▸ EXERCISE
Please restate word for word the lines of the entries below from the one with "1300x1300 Barn Clip" to the one with "Argyle Azul /", inclusive, and leave out every picture.

▸ MATERIALS PROVIDED

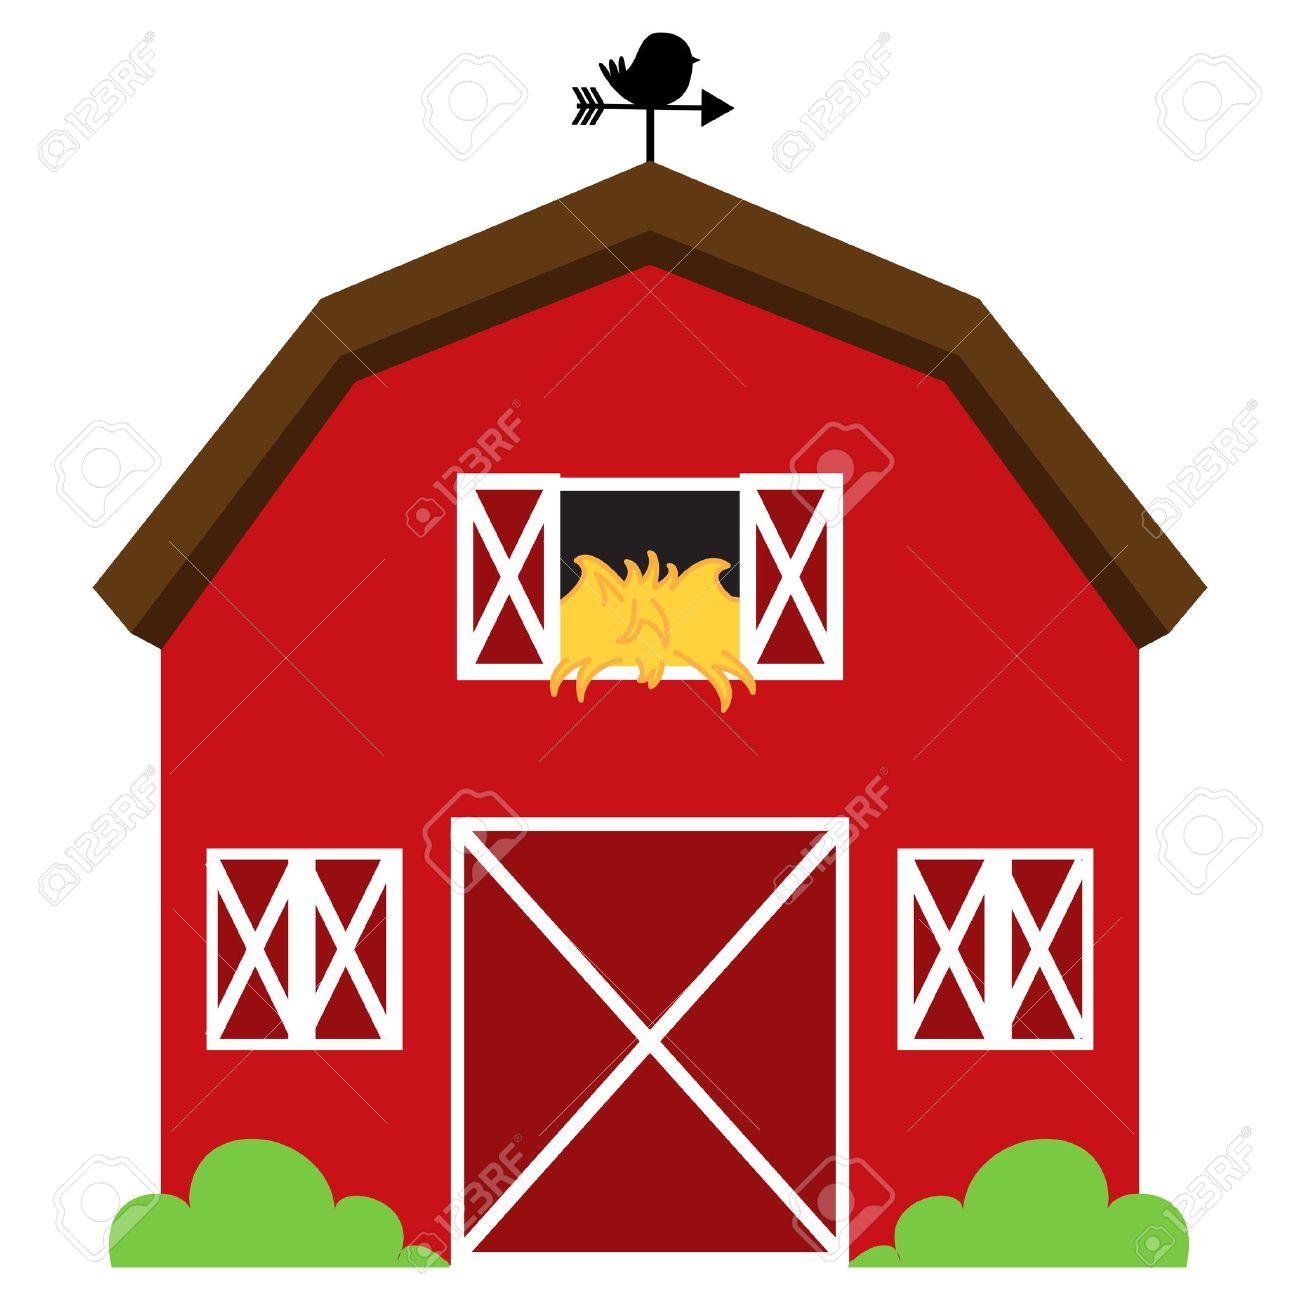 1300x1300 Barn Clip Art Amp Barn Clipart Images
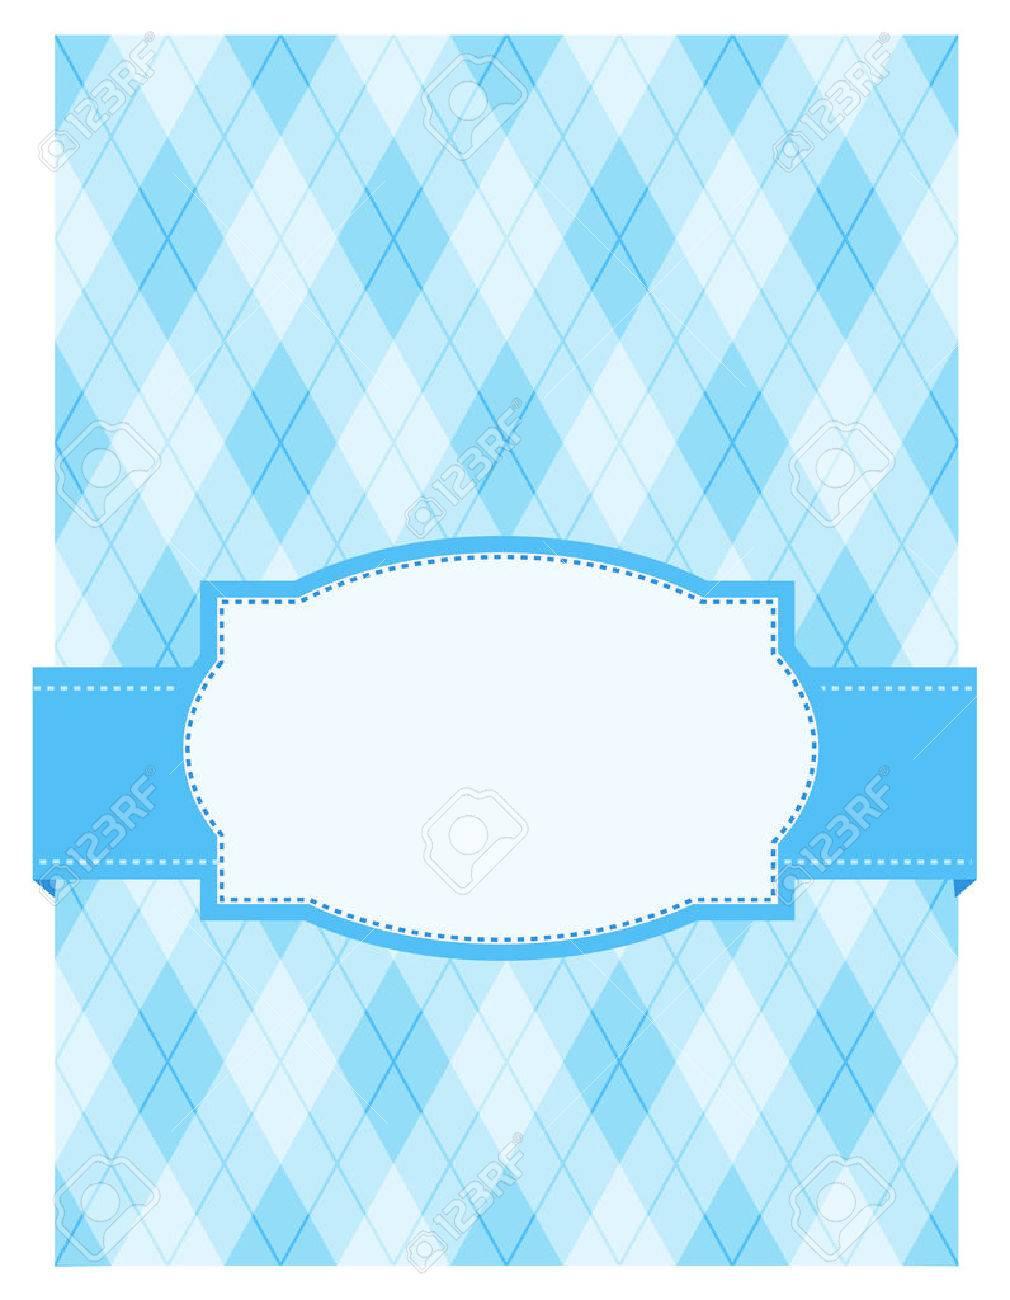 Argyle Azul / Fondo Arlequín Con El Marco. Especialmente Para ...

--

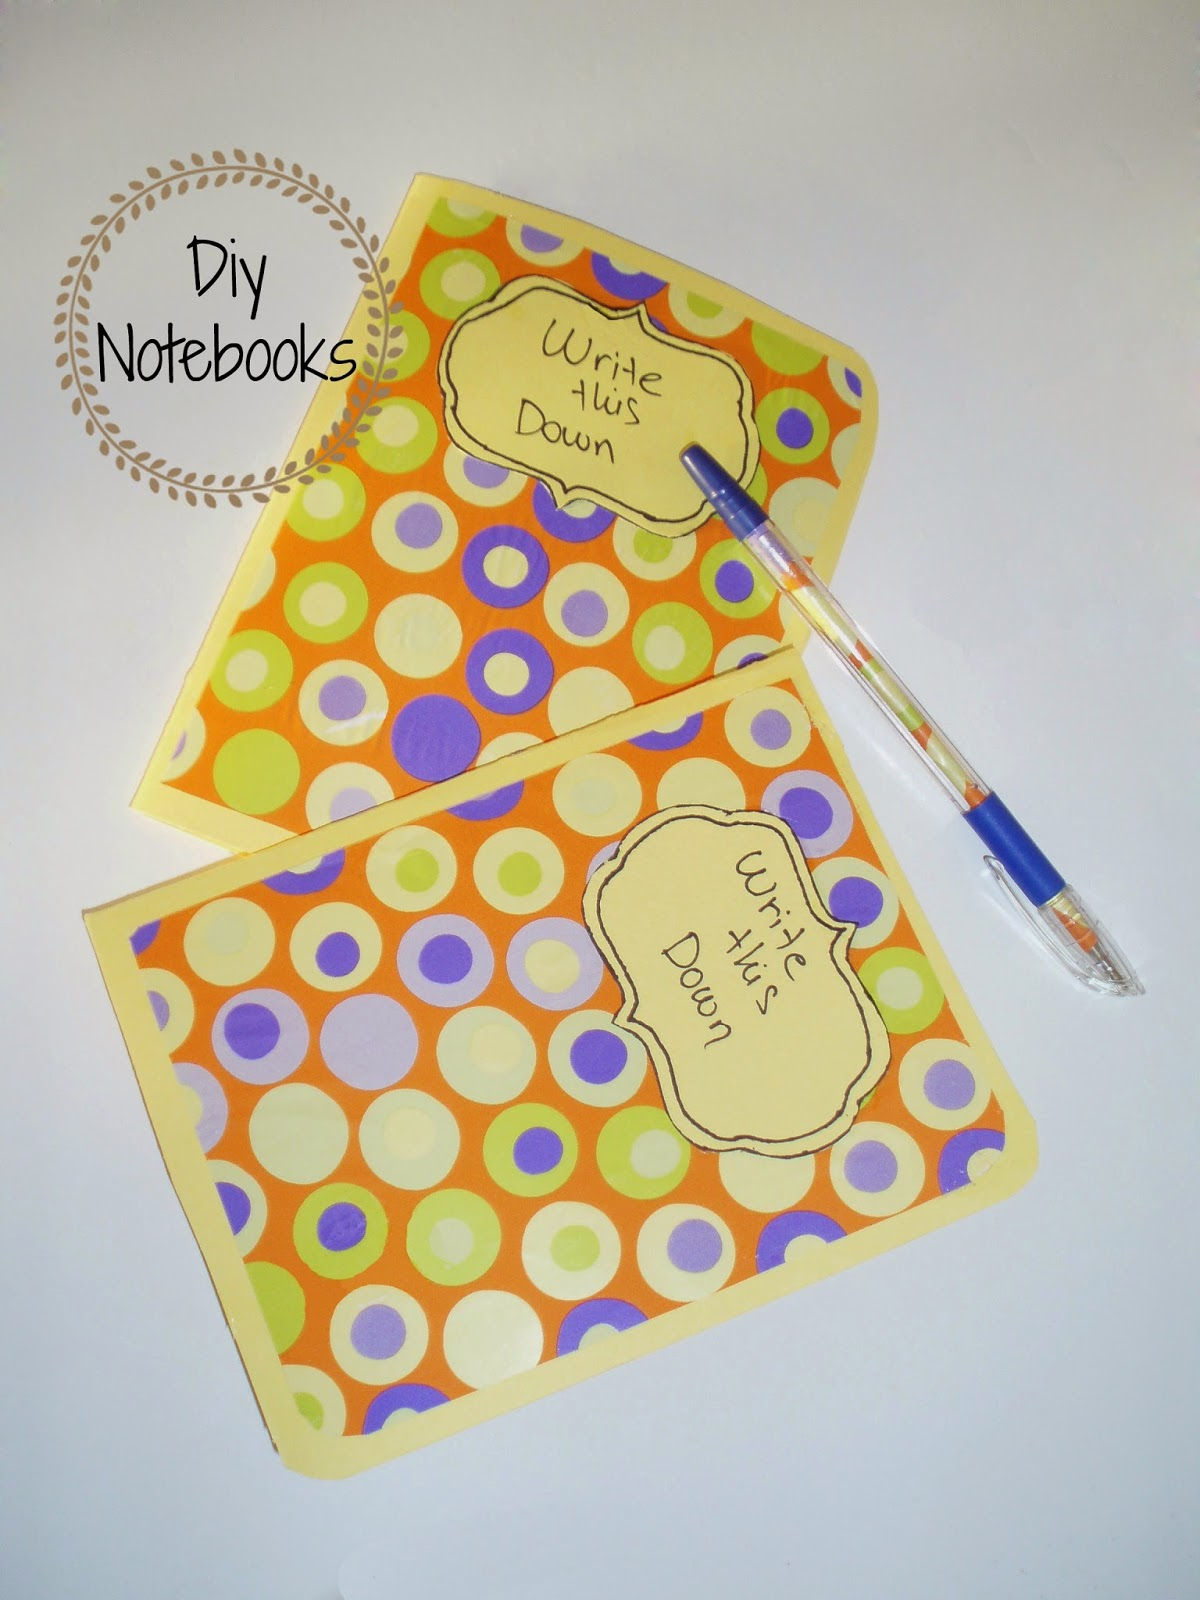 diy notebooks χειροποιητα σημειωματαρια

▸ EXPECTED ANSWER
 1300x1300 Barn Clip Art Amp Barn Clipart Images
 Argyle Azul / Fondo Arlequín Con El Marco. Especialmente Para ...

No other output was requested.